As of Python 3.5 you can also use this syntax to merge an arbitrary number of dict
objects.
>>> fish = {'name': "Nemo", 'hands': "fins", 'special': "gills"}
>>> dog = {'name': "Clifford", 'hands': "paws", 'color': "red"}
>>> fishdog = {**fish, **dog}
>>> fishdog
{'hands': 'paws', 'color': 'red', 'name': 'Clifford', 'special': 'gills'}
As this example demonstrates, duplicate keys map to their lattermost value (for example "Clifford" overrides "Nemo").
# Creating a dictionary
Rules for creating a dictionary:
- Every key must be unique (otherwise it will be overridden)
- Every key must be hashable (can use the
hash
function to hash it; otherwiseTypeError
will be thrown) - There is no particular order for the keys.
# Creating and populating it with values
stock = {'eggs': 5, 'milk': 2}
# Or creating an empty dictionary
dictionary = {}
# And populating it after
dictionary['eggs'] = 5
dictionary['milk'] = 2
# Values can also be lists
mydict = {'a': [1, 2, 3], 'b': ['one', 'two', 'three']}
# Use list.append() method to add new elements to the values list
mydict['a'].append(4) # => {'a': [1, 2, 3, 4], 'b': ['one', 'two', 'three']}
mydict['b'].append('four') # => {'a': [1, 2, 3, 4], 'b': ['one', 'two', 'three', 'four']}
# We can also create a dictionary using a list of two-items tuples
iterable = [('eggs', 5), ('milk', 2)]
dictionary = dict(iterables)
# Or using keyword argument:
dictionary = dict(eggs=5, milk=2)
# Another way will be to use the dict.fromkeys:
dictionary = dict.fromkeys((milk, eggs)) # => {'milk': None, 'eggs': None}
dictionary = dict.fromkeys((milk, eggs), (2, 5)) # => {'milk': 2, 'eggs': 5}
# The dict() constructor
The dict()
constructor can be used to create dictionaries from keyword arguments, or from a single iterable of key-value pairs, or from a single dictionary and keyword arguments.
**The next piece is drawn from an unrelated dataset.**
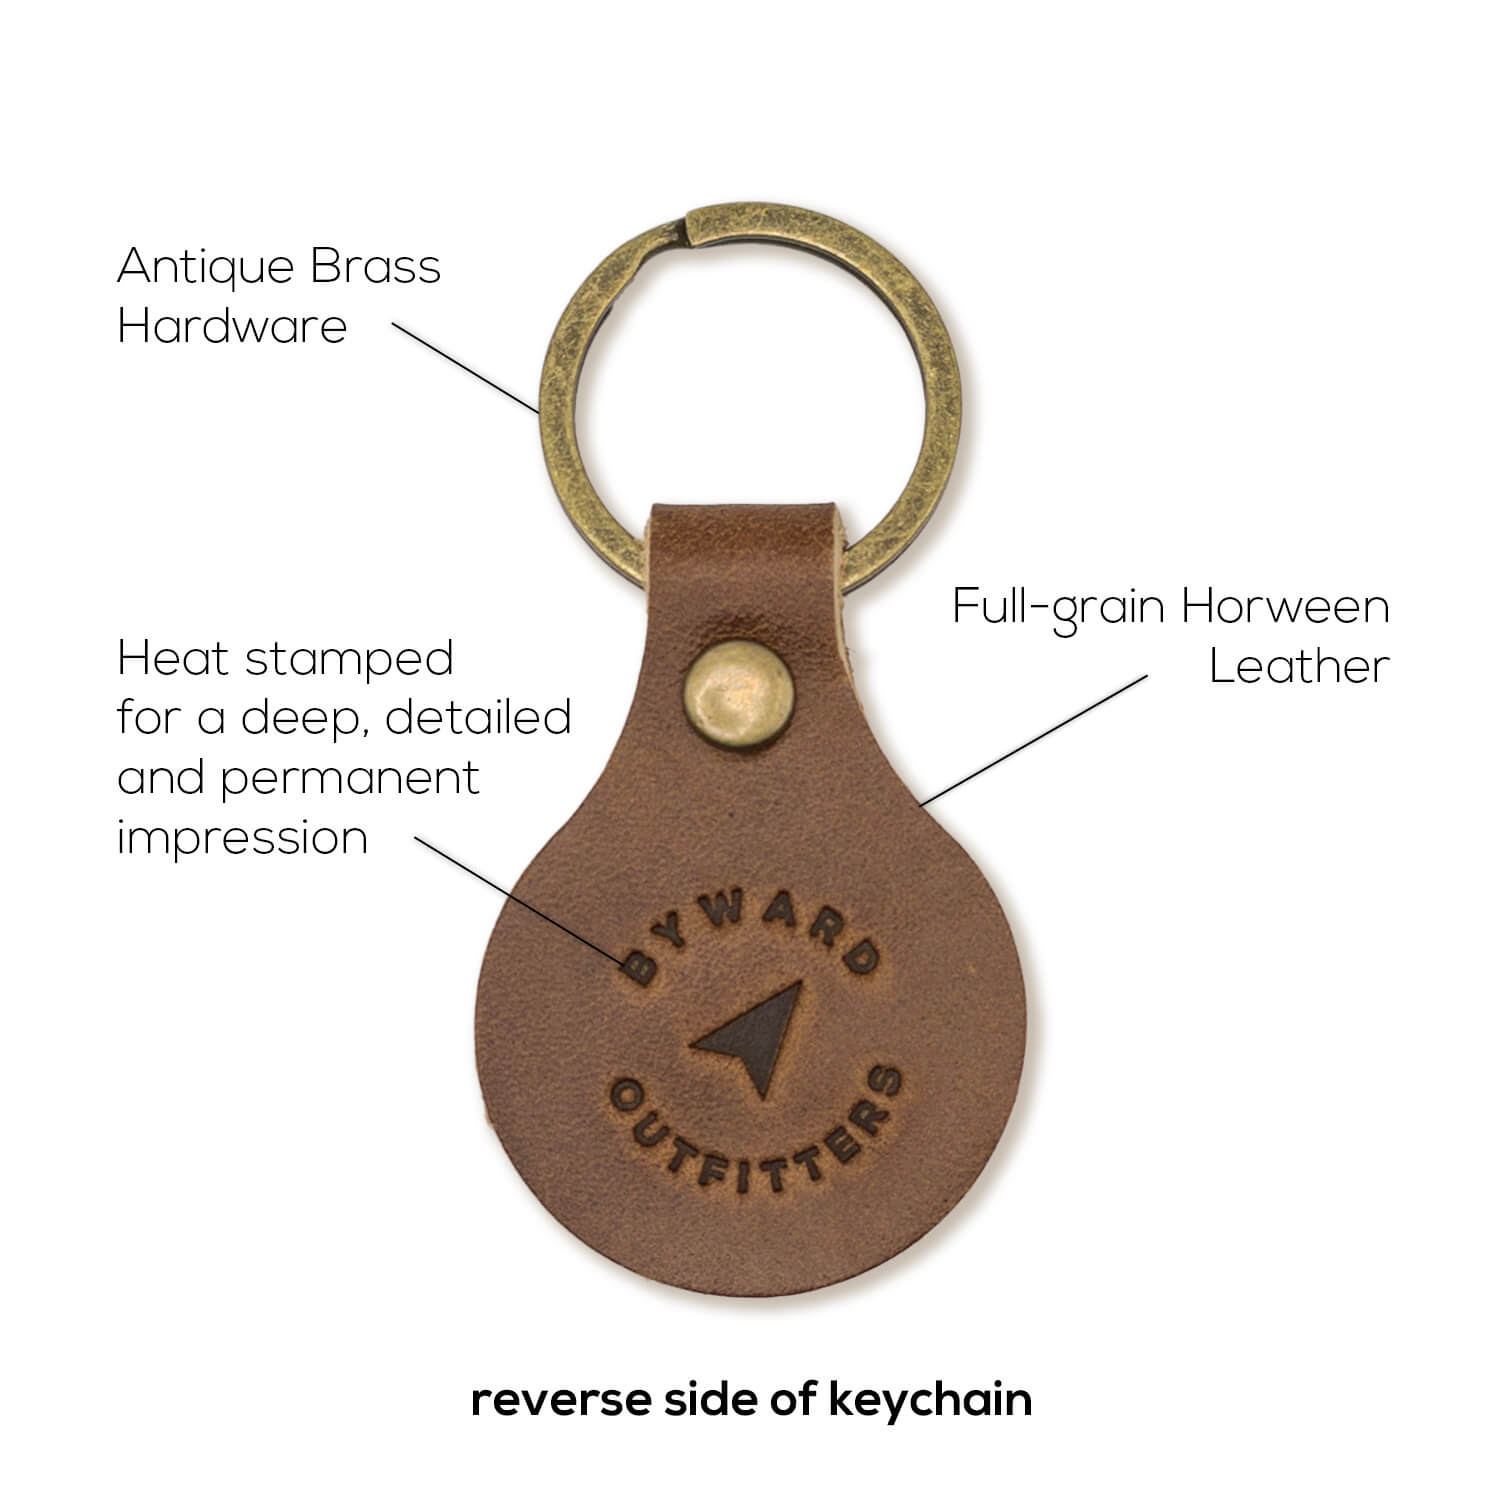 Maple Leaf - Leather Keychain

dict(a=1, b=2, c=3) # {'a': 1, 'b': 2, 'c': 3}
dict([('d', 4), ('e', 5), ('f', 6)]) # {'d': 4, 'e': 5, 'f': 6}
dict([('a', 1)], b=2, c=3) # {'a': 1, 'b': 2, 'c': 3}
dict({'a' : 1, 'b' : 2}, c=3) # {'a': 1, 'b': 2, 'c': 3}
# The trailing comma
Like lists and tuples, you can include a trailing comma in your dictionary.
role = {"By day": "A typical programmer",
"By night": "Still a typical programmer", }
PEP 8 dictates that you should leave a space between the trailing comma and the closing brace.
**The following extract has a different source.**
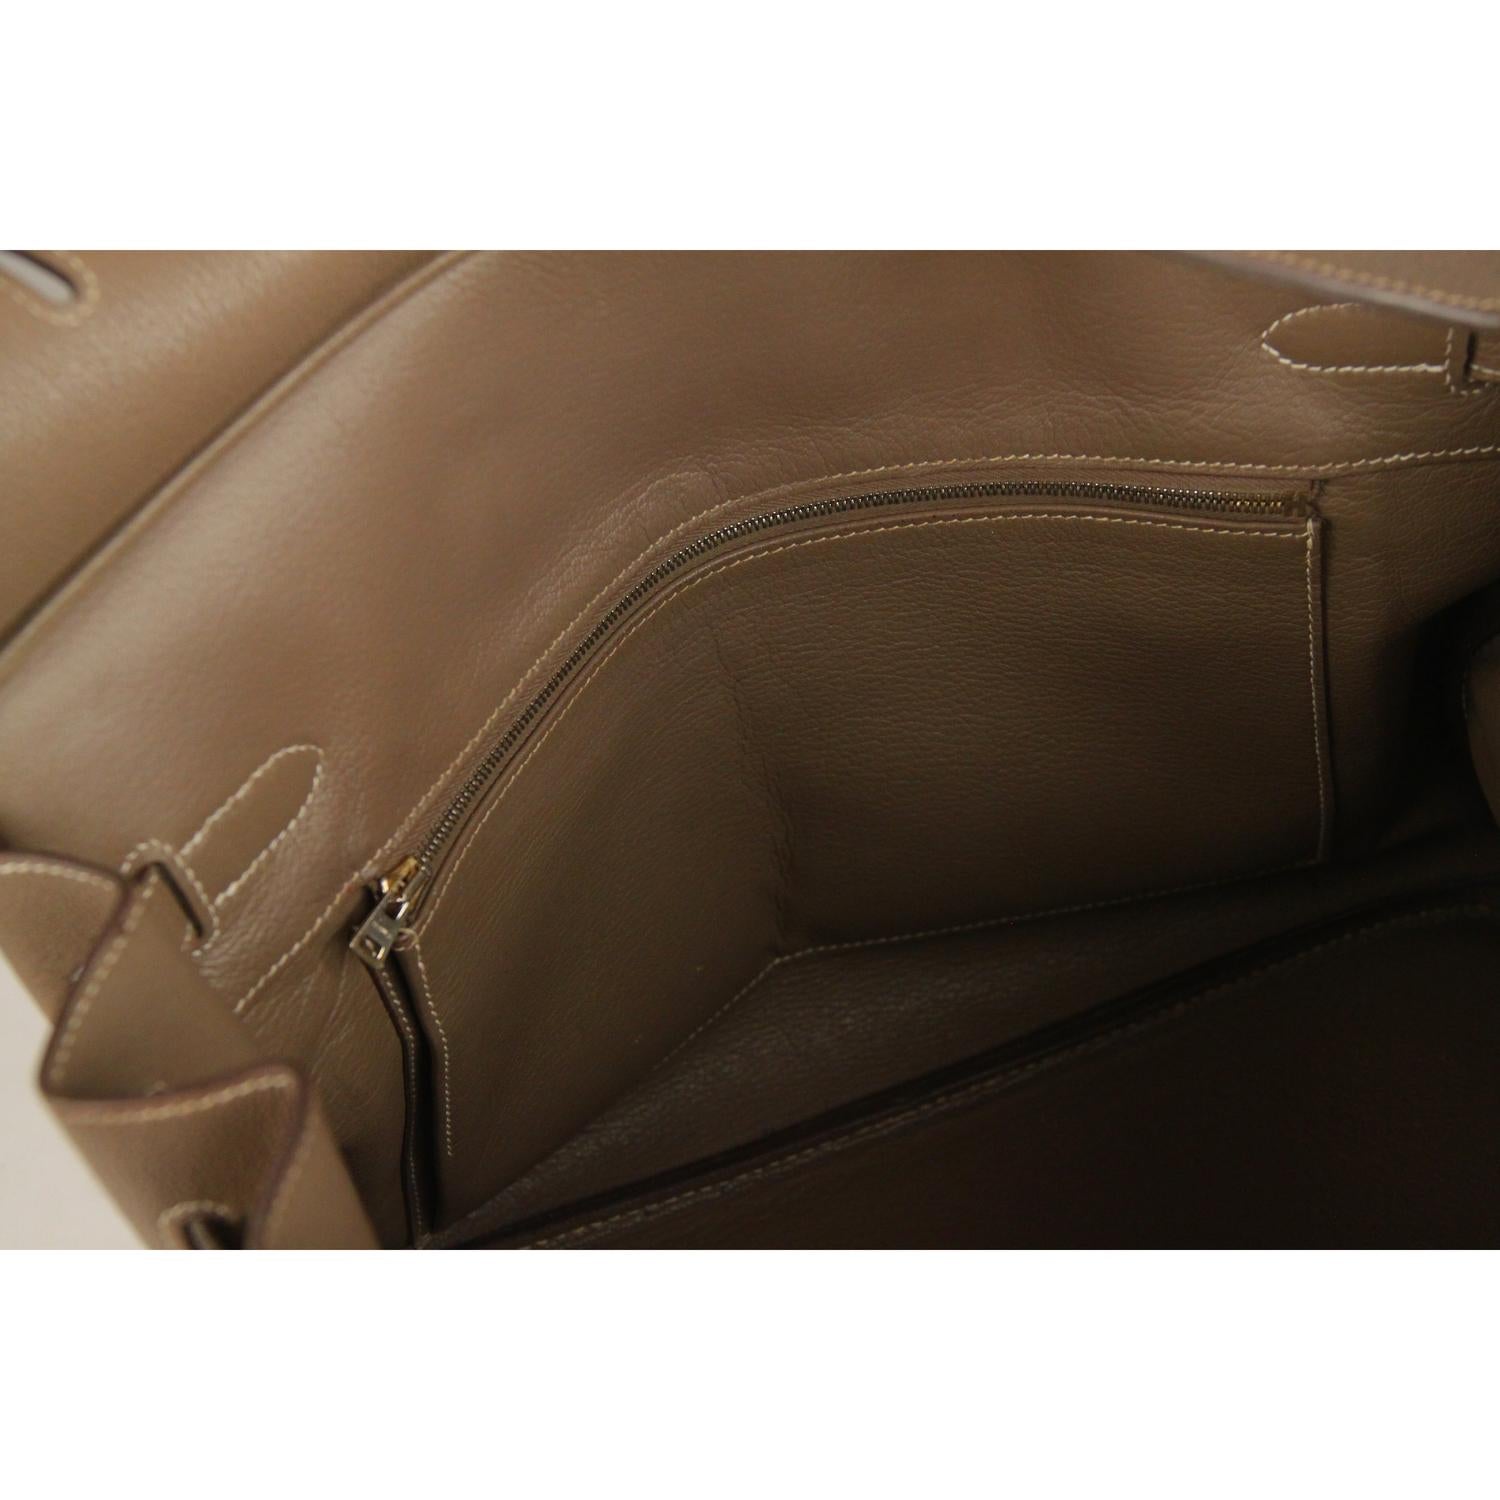 Hermes Taupe Togo Leather Birkin 35 Top Handle Bag Satchel 5

# All combinations of dictionary values
options = {
"x": ["a", "b"],
"y": [10, 20, 30]
}
Given a dictionary such as the one shown above, where there is a list
representing a set of values to explore for the corresponding key. Suppose
you want to explore "x"="a"
with "y"=10
, then "x"="a"
with"y"=10
, and so
on until you have explored all possible combinations.
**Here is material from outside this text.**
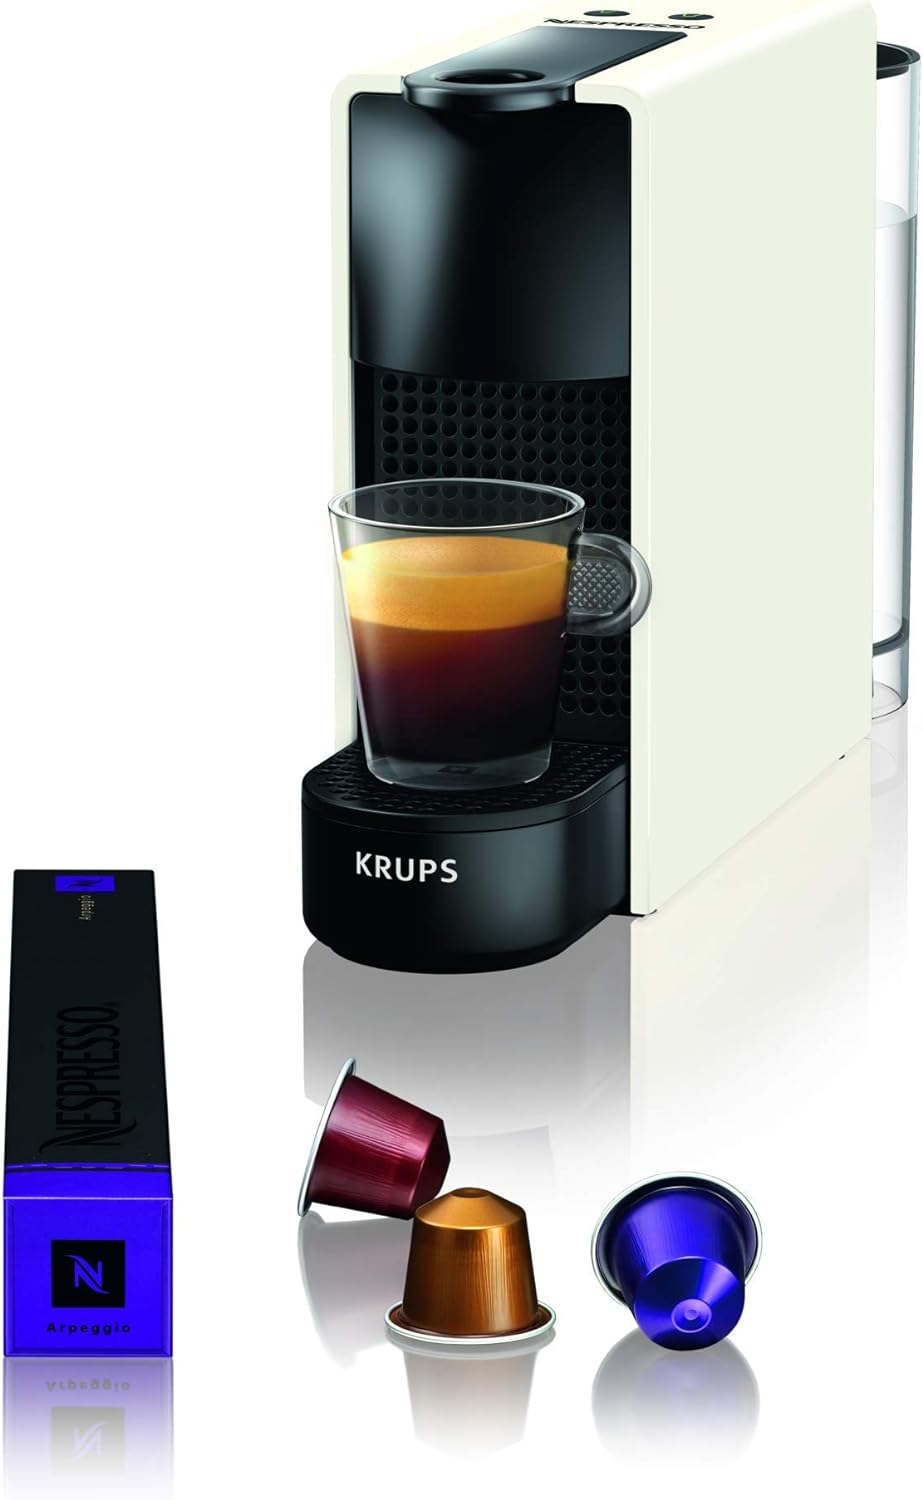 Krups yy2912fd Freestanding Fully Automatic Espresso Machine 0.6L 1tazas Black, White – Coffee (Freestanding, Espresso Machine, 0.6 l, Coffee Capsule, 1200 W, Black, White)

You can create a list that returns all such combinations of values using the following code.
import itertools
options = {
"x": ["a", "b"],
"y": [10, 20, 30]}
keys = options.keys()
values = (options[key] for key in keys)
combinations = [dict(zip(keys, combination)) for combination in itertools.product(*values)]
print combinations
This gives us the following list stored in the variable combinations
:
[{'x': 'a', 'y': 10},
{'x': 'b', 'y': 10},
{'x': 'a', 'y': 20},
{'x': 'b', 'y': 20},
{'x': 'a', 'y': 30},
{'x': 'b', 'y': 30}]
# Dictionaries Example
Dictionaries map keys to values.
car = {}
car["wheels"] = 4
car["color"] = "Red"
car["model"] = "Corvette"
Dictionary values can be accessed by their keys.
print "Little " + car["color"] + " " + car["model"] + "!"
# This would print out "Little Red Corvette!"
Dictionaries can also be created in a JSON style:
car = {"wheels": 4, "color": "Red", "model": "Corvette"}
Dictionary values can be iterated over:
for key in car:
print key + ": " + car[key]
# wheels: 4
# color: Red
# model: Corvette
# Syntax
- mydict = {}
- mydict[k] = value
- value = mydict[k]
- value = mydict.get(k)
- value = mydict.get(k, "default_value")
# Parameters
Parameter | Details |
---|---|
key | The desired key to lookup |
value | The value to set or return |
# Remarks
Helpful items to remember when creating a dictionary:
- Every key must be unique (otherwise it will be overridden)
- Every key must be hashable (can use the
hash
function to hash it; otherwiseTypeError
will be thrown) - There is no particular order for the keys.